According to the FATF, when a country is placed on the grey list, “it means the country has committed to resolve swiftly the identified strategic deficiencies within agreed timeframes and is subject to increased monitoring.” Being put on the list can scare away investors and creditors, hurt exports, and make global banks cautious of doing business with the country.

Turkey, the largest economy to be added to the list on Thursday, has been accused of not taking enough action to combat money laundering and lacking supervisory mechanisms in its economy. FATF President Marcus Pleyer said Turkey needs to address “serious issues of supervision” in its banking and real estate sectors. He also called on Ankara to effectively monitor the activities of gold and precious stone dealers.
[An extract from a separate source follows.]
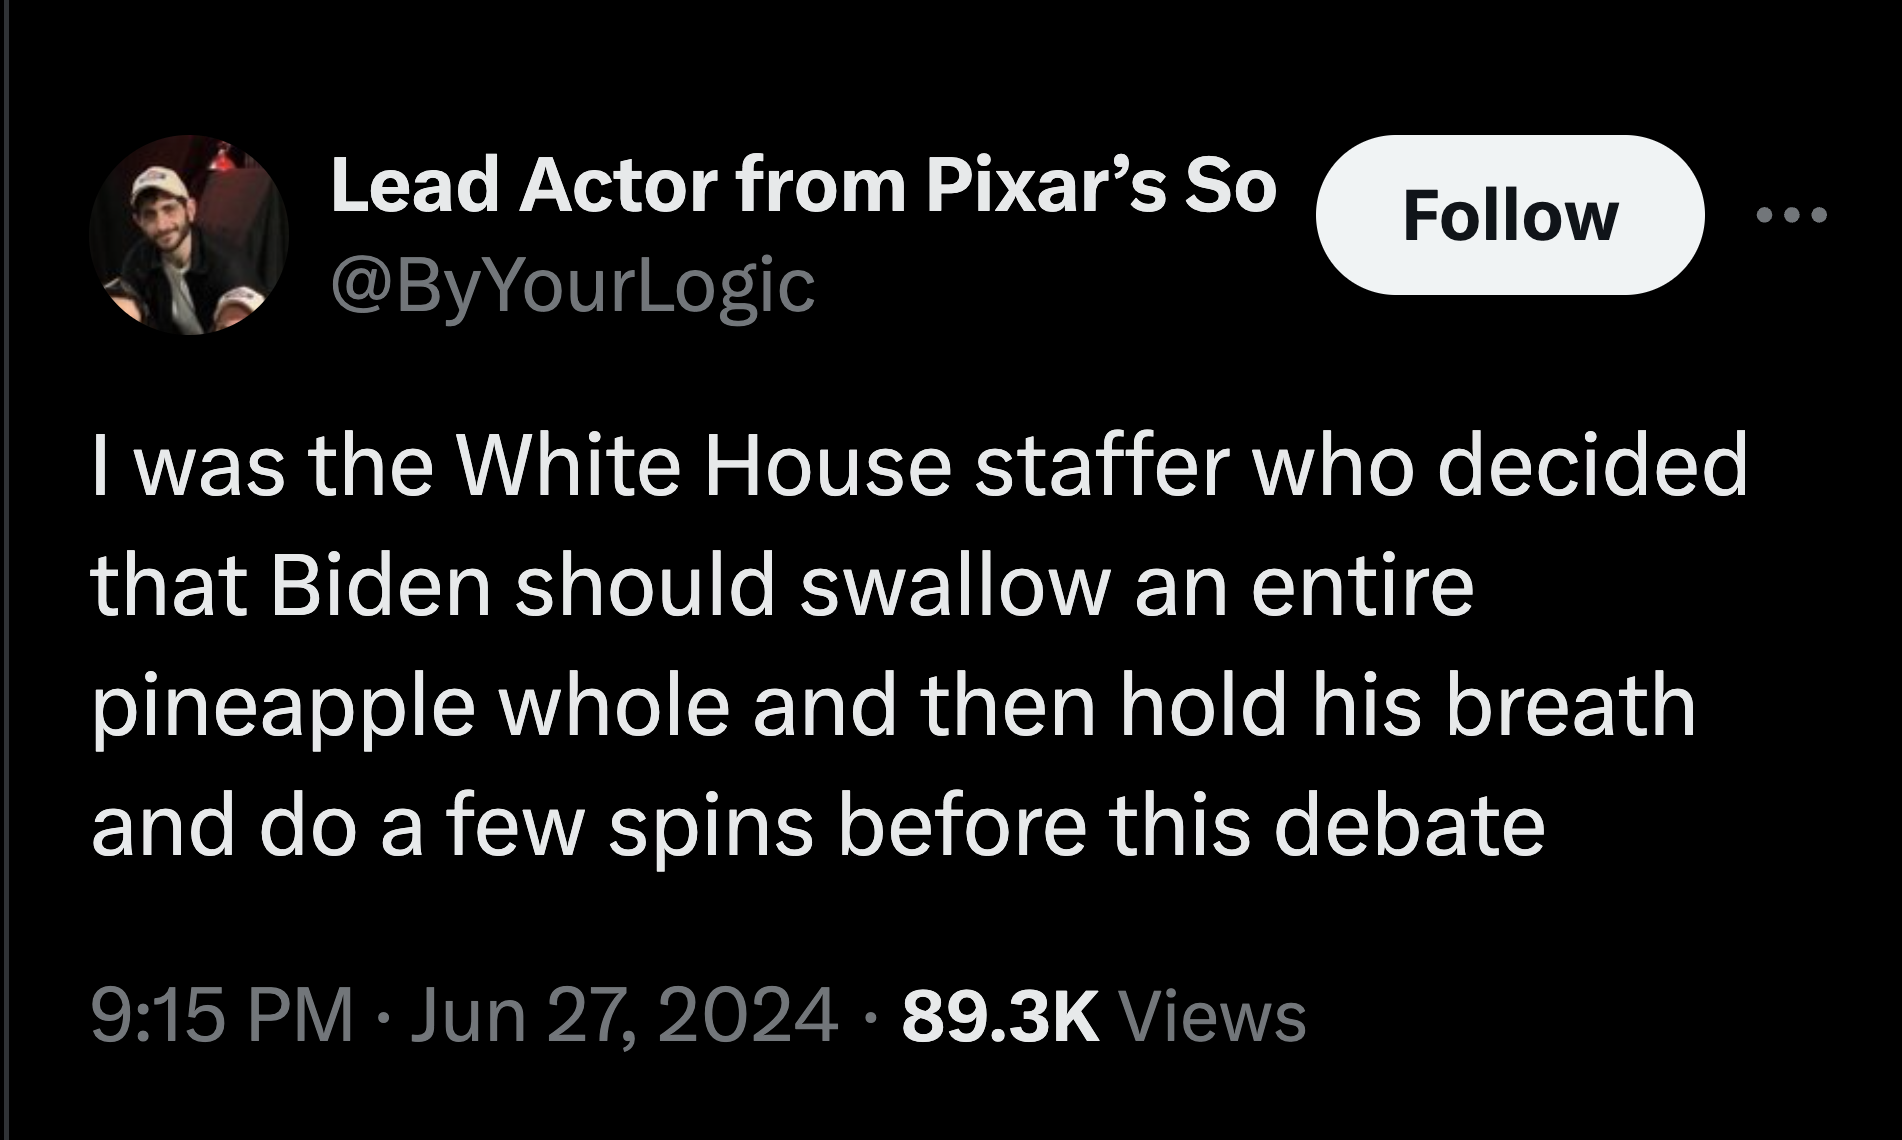 screenshot - Lead Actor from Pixar's So I was the White House staffer who decided that Biden should swallow an entire pineapple whole and then hold his breath and do a few spins before this debate Views

Pleyer added that Turkey needs to show that it is seriously “pursuing terrorist financing prosecutions [and] prioritising cases of UN-designated terrorist organisations” such as the Islamic State and Al Qaeda.

Turkey called the move “an undeserved outcome” but vowed to “take necessary measures in cooperation with the FATF.” The Turkish Treasury said it will comply with the watchdog “to ensure that our country is removed from this list, which it does not deserve, as soon as possible.”

The FATF also added Jordan and Mali to its grey list, citing concerns over terrorism financing and money laundering.

It kept Pakistan on the list, saying that Islamabad’s actions to counter terrorism financing have not been satisfactory. “Pakistan has taken a number of important steps, but needs to further demonstrate that investigations and prosecutions are being pursued against the senior leadership of UN-designated terror groups,” Pleyer said.

Pakistan has been on the FATF’s grey list since 2018 and had outlined an action plan the same year to combat terrorism financing and money laundering. However, the FATF has said Pakistan has not addressed all items in the plan nor has it completely implemented the guidelines set by the watchdog.

Meanwhile, Botswana and Mauritius were removed from the grey list for their “significant progress” in addressing the FATF’s concerns.

The FATF was founded in 1989 as part of a G7 initiative to combat money laundering and later included terrorism financing within its ambit. It has listed 23 countries in its grey list, including Morocco, Syria, South Sudan, and Yemen. Additionally, the FATF maintains a blacklist of “high-risk jurisdictions” and non-cooperative countries. Currently, only Iran and North Korea are blacklisted by the FATF.